The reason is the variable df$i.If we convert this back to integers we are ok. To do this conversion we actually have to do two things:


  1. Drop the first character ‘i’ from df$i.
  2. Convert df$i from string to numeric (type casting).


Interestingly we can fix this in several stages:


Partial GAMS solution

We can not really rename set elements in GAMS. However we can create a new parameter, a mapping set and use a sum statement to map between sets:
set
 i 'observations' /i1*i50/
 s 'scenarios' /scen1*scen3/
 i2 'observations as number' /1*50/
 map(i2,i) '1-1 mapping set'
;
map(i2,i)$(ord(i2)=ord(i)) = yes;


parameter results(s,i);
results('scen1',i) = normal(0,1);
results('scen2',i) = normal(-1+4*ord(i)/card(i),0.4);
results('scen3',i) = uniform(4,5);


parameter results2(s,i2);
results2(s,i2) = sum(map(i2,i),results(s,i));


Now we can export the parameter results2 instead of results.

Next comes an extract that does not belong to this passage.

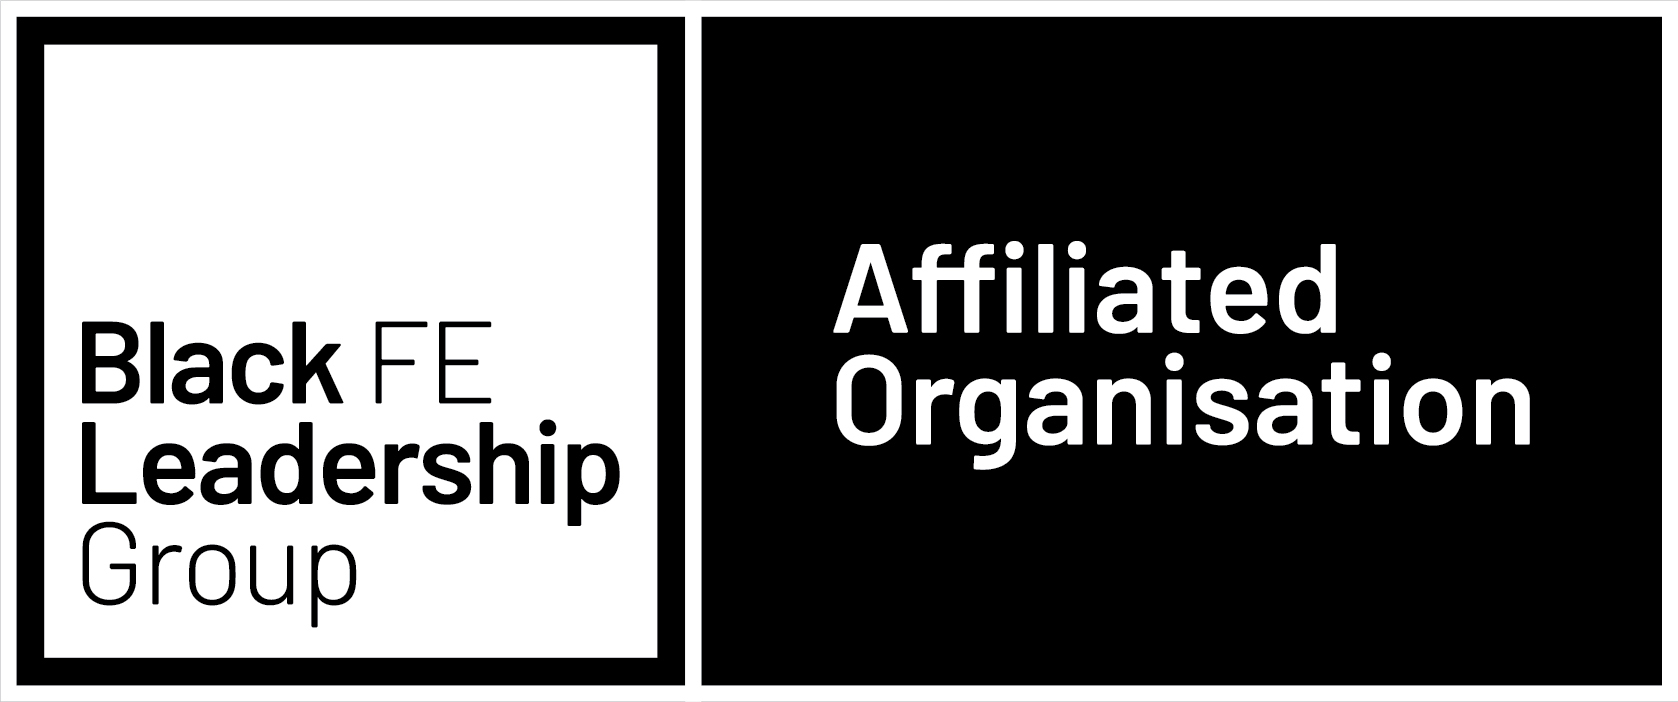 Black FE Leadership Group logo

Note that index i2 will still be a string when it arrives in R. The type casting to a numeric type has to be done in R or in SQL (see next sections how this can be done).


Conversion in R

The conversion to a numeric type can be done in R in just one line

df$i <- as.numeric(substring(df$i,2))
Now things look better:


Conversion in SQL

We can also perform the conversion in SQL while reading the data from the SQLite database file:


select s,
      cast(substr(i,2) as numeric) as i,
      value
from results


Scripting

This whole thing can be easily scripted in GAMS.